两人在有些昏暗的马车中略微晃动着,在不知他是何用意的情况下,陆绾还是谨慎地观摩着他的表情。
“打探出什么来?”萧彦北并没有延续刚才的突发状况而谈,而是直接问着她打探的消息。
陆绾将杜夫人所言和她的猜测都一五一十全部摊开讲给了他听,“王爷,那镯子我还得回去细瞧。”
“你既然想回去,却还要在宫中惹事端,山匪也没有你这般不知天高地厚。”萧彦北冷哼着,已经将他的怒火给压了下去。
陆绾不想为自己辩解,只说对她愿意接受任何惩戒,只要能让她接着验尸查案子。
“你头上的簪花呢?”萧彦北看到她发髻上没有了那支给她插在头上的木槿花簪,顿时生气怒道。
“可能掉落在宫中了,王爷请恕罪。”
“滚下车。”
萧彦北一掌拍在座椅上,满脸怒气,声音提高了几个度。
培风立马拉住马绳听候靖王的吩咐,目送着陆绾下车,他还想萧彦北求情,说她的脚崴伤痕严重,如此深夜,一个女子走在大街上也不太安全。
“培风,你若再言语,你也跟着她一起走回去。”萧彦北便让他架着马车飞快奔驰而去。
陆绾拖着脚慢步行走在灯火摇晃地大街上,此刻街道很安静,周围的人家都已经只怕都已经进入梦乡,偶尔会有几声猫叫声传来。

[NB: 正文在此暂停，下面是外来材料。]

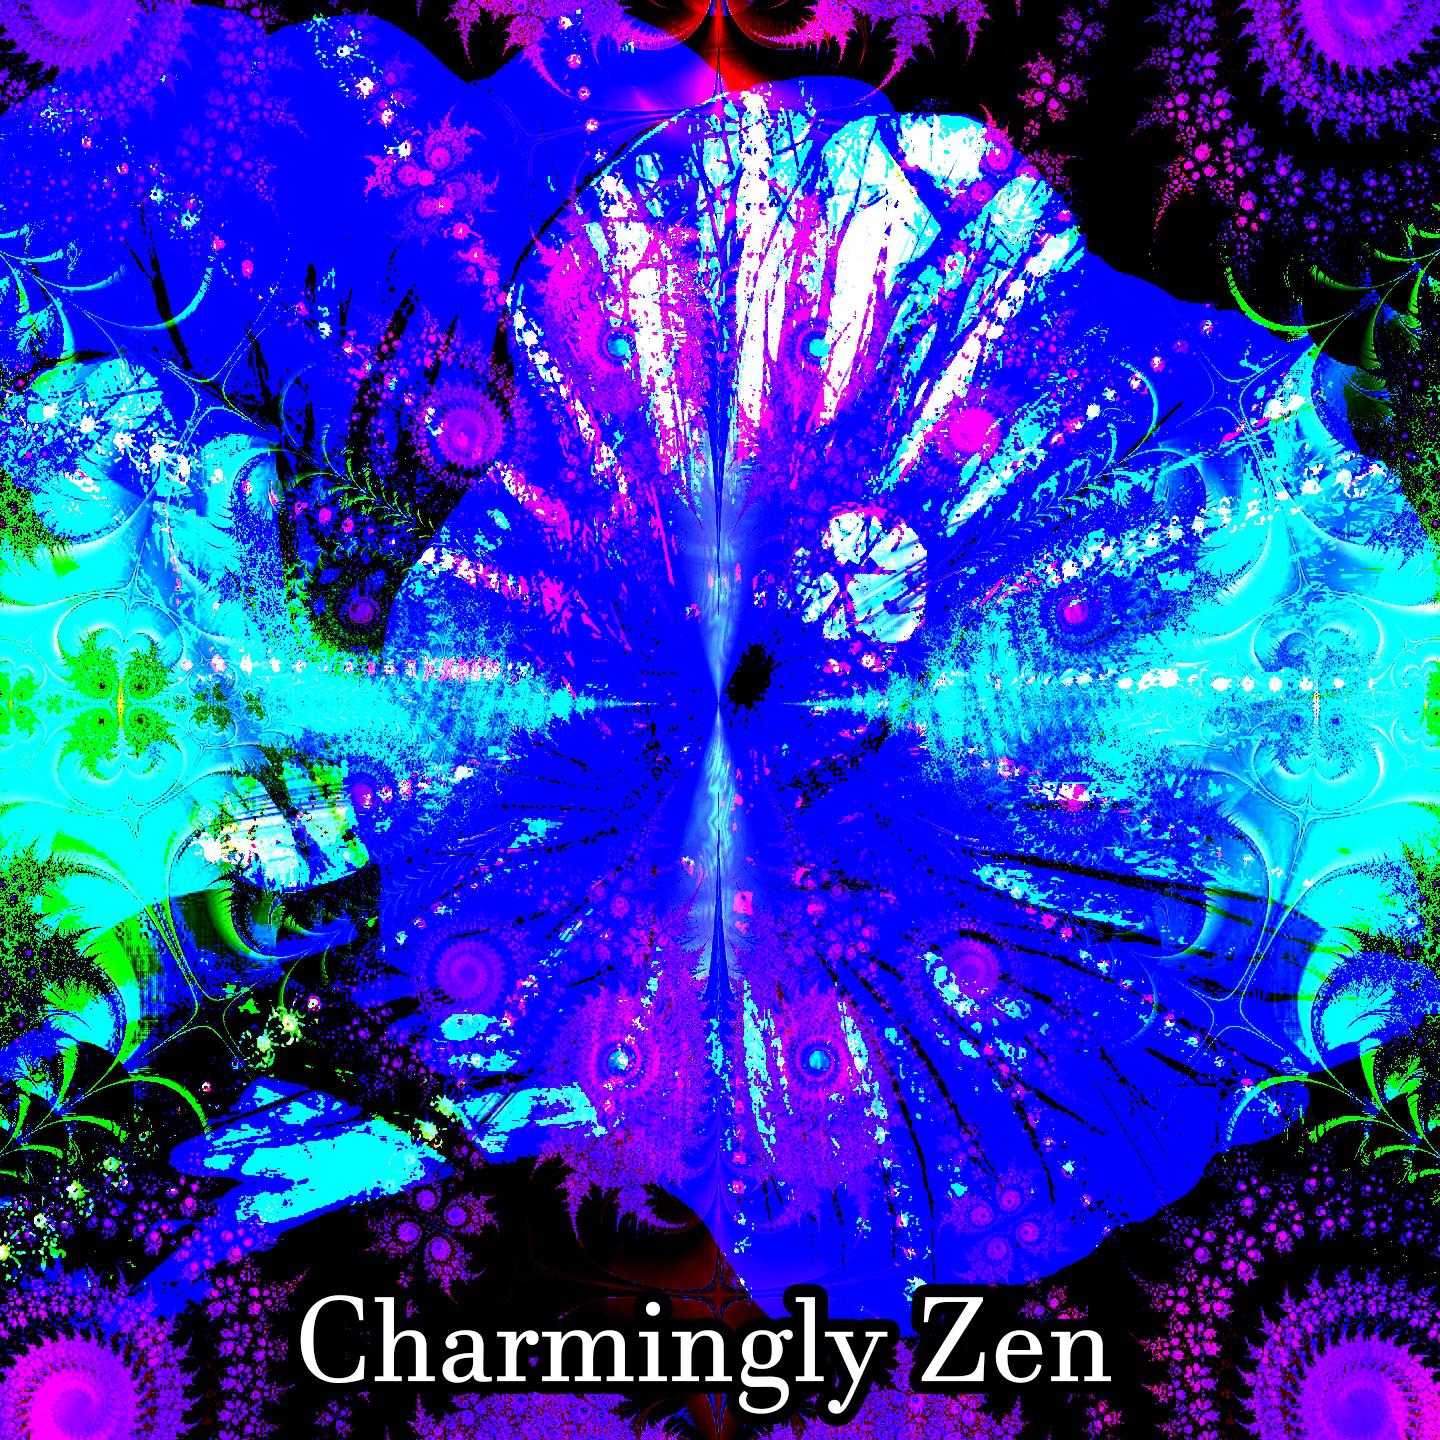 Charmingly Zen

她连尸体都不怕,还怕一个人独行在夜里吗?当时偷摸下山可也是曾在大雨滂沱,雷鸣交加的山路上走过的。
只是脚痛走路有些吃力,只好捡着路上的棍棒杵着慢步朝前走着,脑中不断回想那个隐约像她爹的公公,如果他爹没有死,也还有被通缉到,那他此刻又在何处?又是怎么逃出城的,或者跟她选择一样,最危险的地方便是最安全的地方。
一炷香后,一辆马车朝她奔来,坐在马车前列的正是培风。
“丝官姑娘上马车吧。”他翻身跳下走到她跟前。
“培风,你这是?你就不怕王爷……”
“王爷吩咐的,但你可别说是我说的,他不想让人知道这是他下的命令。”培风扶着她坐上了马车,一直咧嘴笑着。
他虽有五年没有见过靖王,但之前在京城可从来都不会多看一眼女子,身边更是没有几个侍女,没有想到五年之后会对这个侍女这般不同,更没有想到的是他会耐着性子等她出宫,简直就是一大奇观。
陆绾在马车里听出他这话有调侃萧彦北的语气,想来两人关系一定很紧密,毕竟曾是他的贴身侍卫,可这般调侃之意确定不会让他冰窟人动怒吗?
她还是忍不住试探性问道:“培风,你和王爷关系很好吧?”
“嗯,我从小便就跟在王爷身边,王爷其实心地纯良,待我也很好,只不过陈贵妃的薨逝让他变得冷淡些,再加上王爷胞弟又相继离去,他这才……”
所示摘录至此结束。